How to complete this task: Reproduce the data in full, exactly as given, leaving images out.

Data below:
******************************

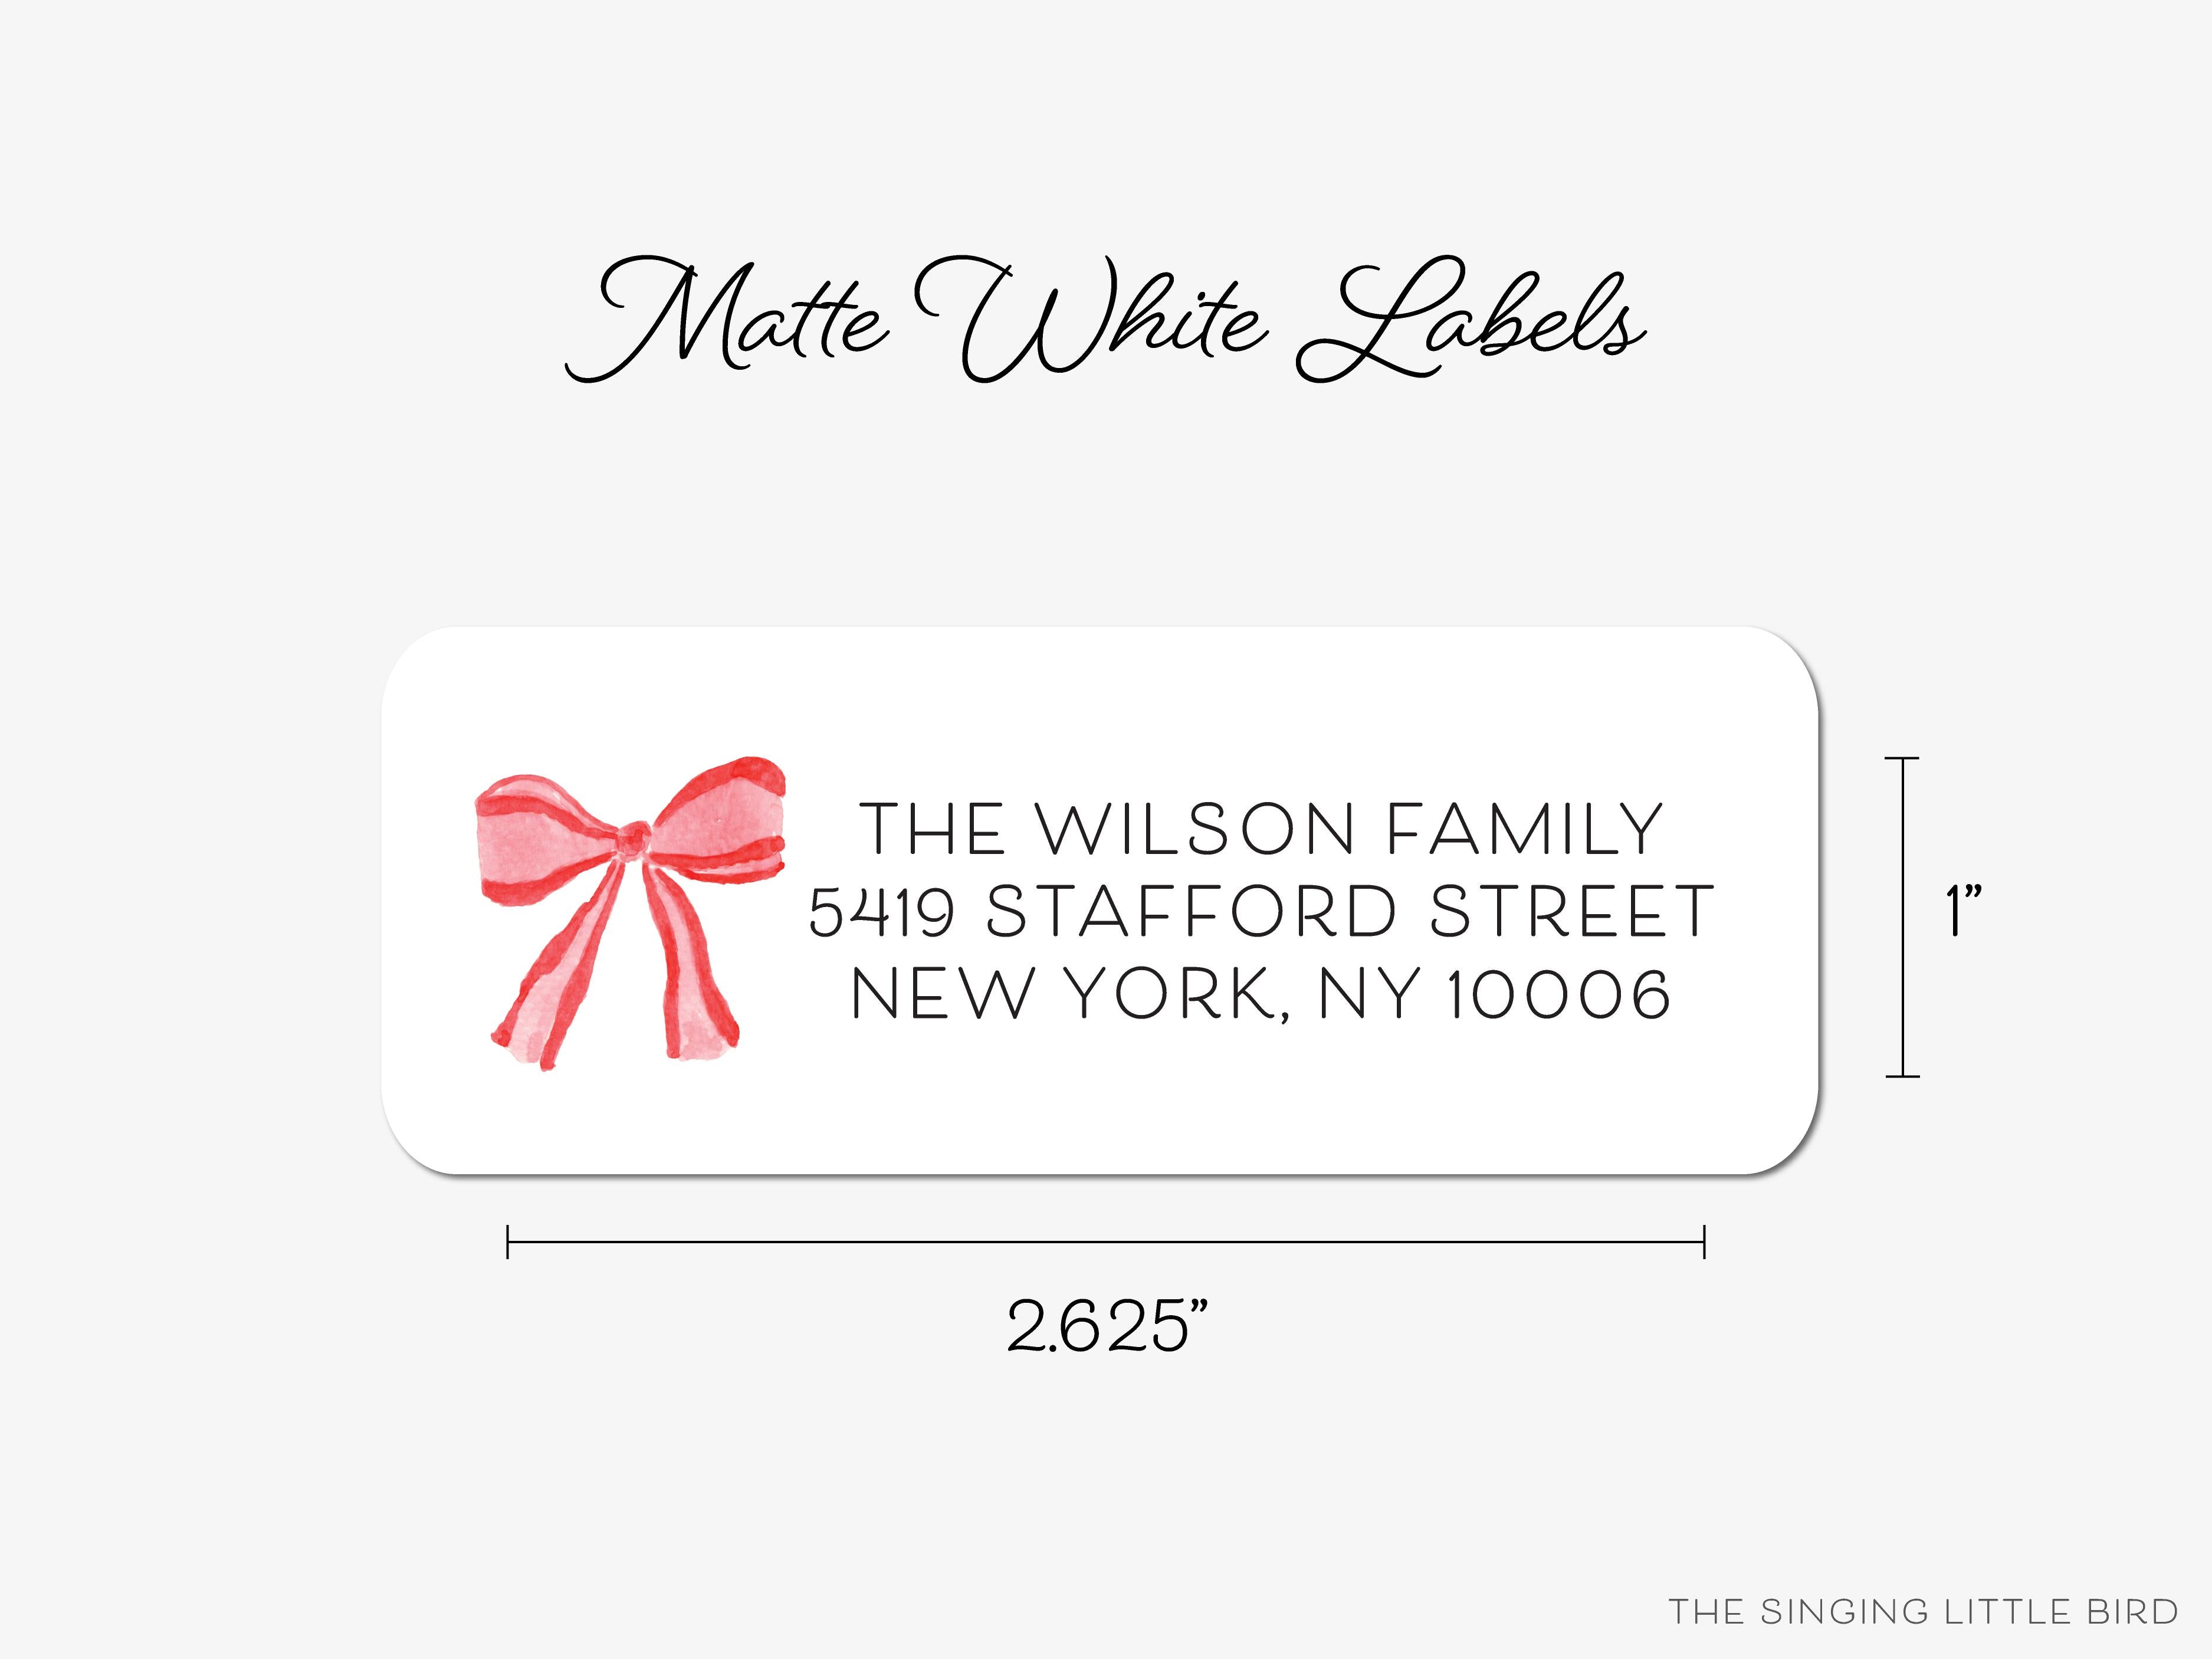 Red Bow Return Address Labels-These personalized return address labels are 2.625" x 1" and feature our hand-painted watercolor bow, printed in the USA on beautiful matte finish labels. These make great gifts for yourself or the bow lover.-The Singing Little Bird
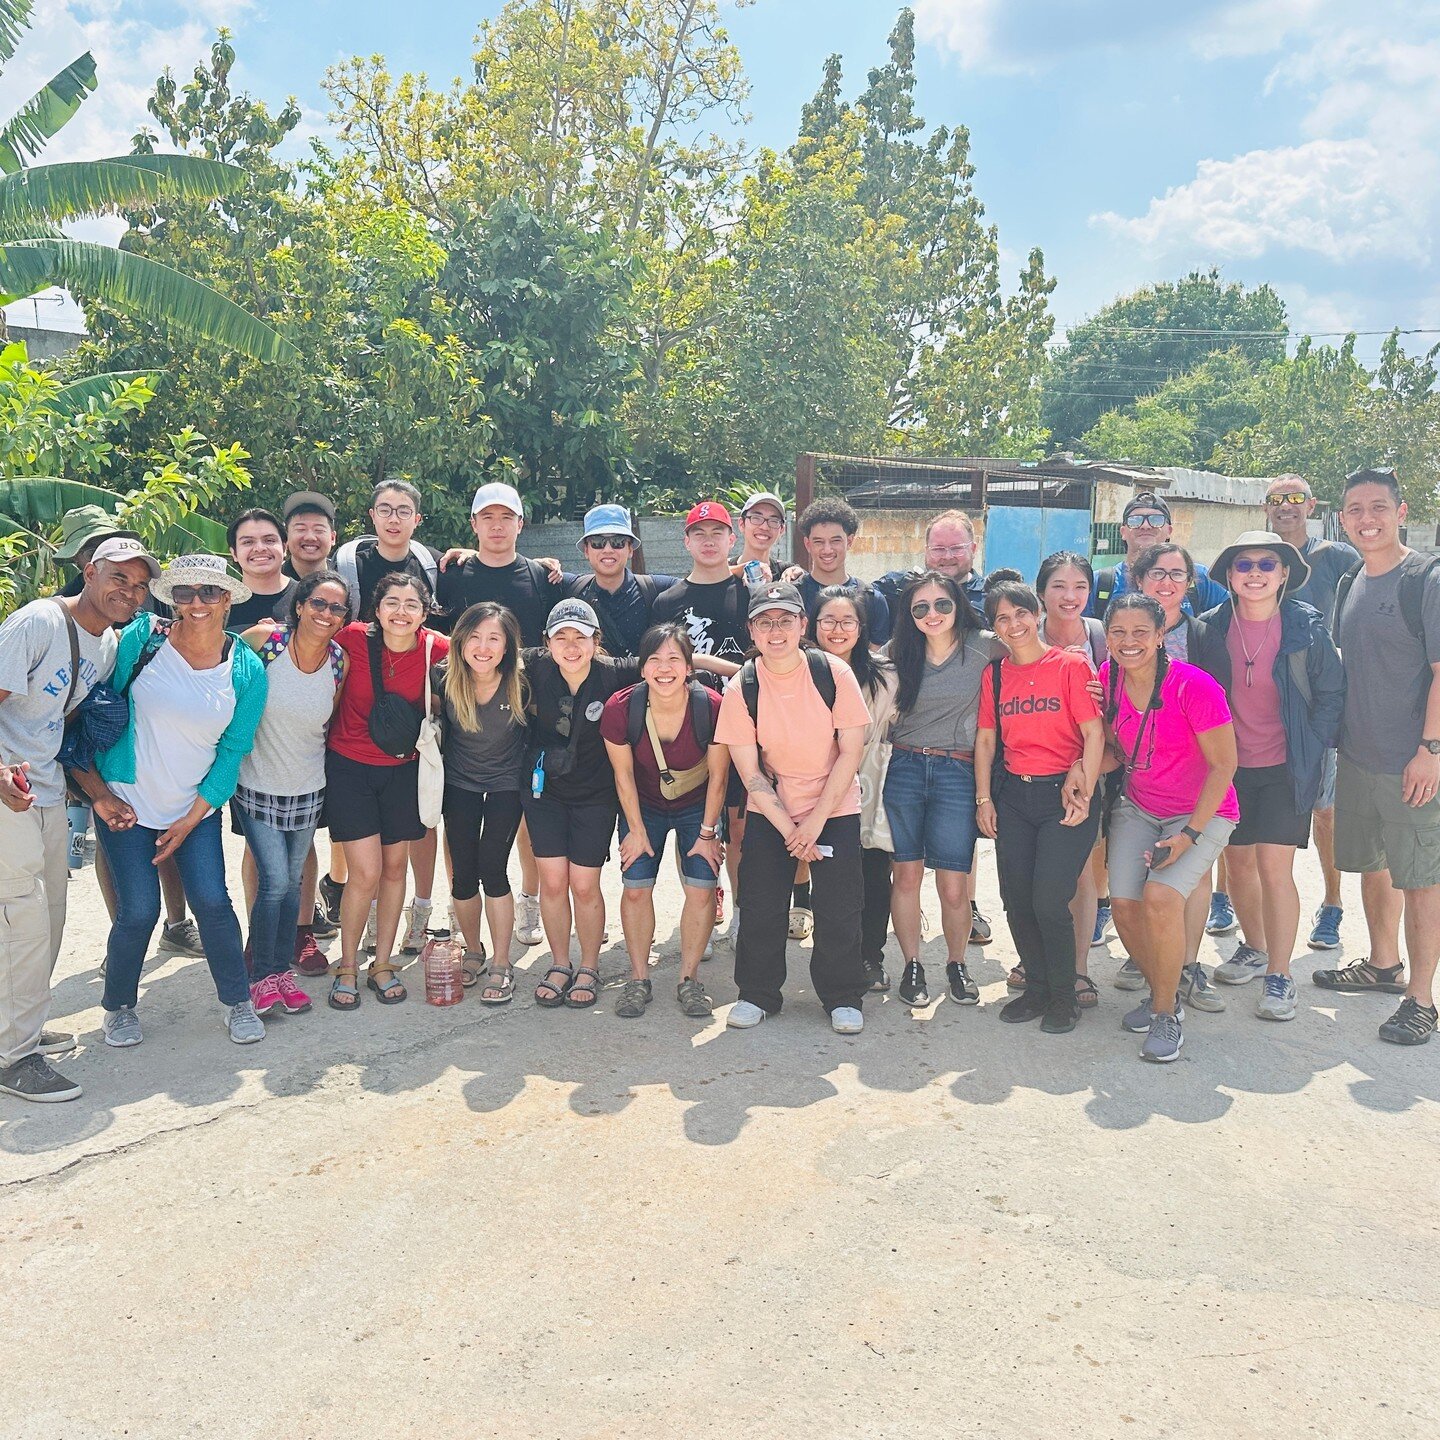 🇨🇺 grateful for the chance to distribute filters for clean water and share the gospel in Cuba this spring break! thanks @filterofhope for making all this possible!

praise the Lord for all that we've been able to experience in the short few days &a

******************************

Finished task:
 Red Bow Return Address Labels-These personalized return address labels are 2.625" x 1" and feature our hand-painted watercolor bow, printed in the USA on beautiful matte finish labels. These make great gifts for yourself or the bow lover.-The Singing Little Bird
 🇨🇺 grateful for the chance to distribute filters for clean water and share the gospel in Cuba this spring break! thanks @filterofhope for making all this possible!

praise the Lord for all that we've been able to experience in the short few days &a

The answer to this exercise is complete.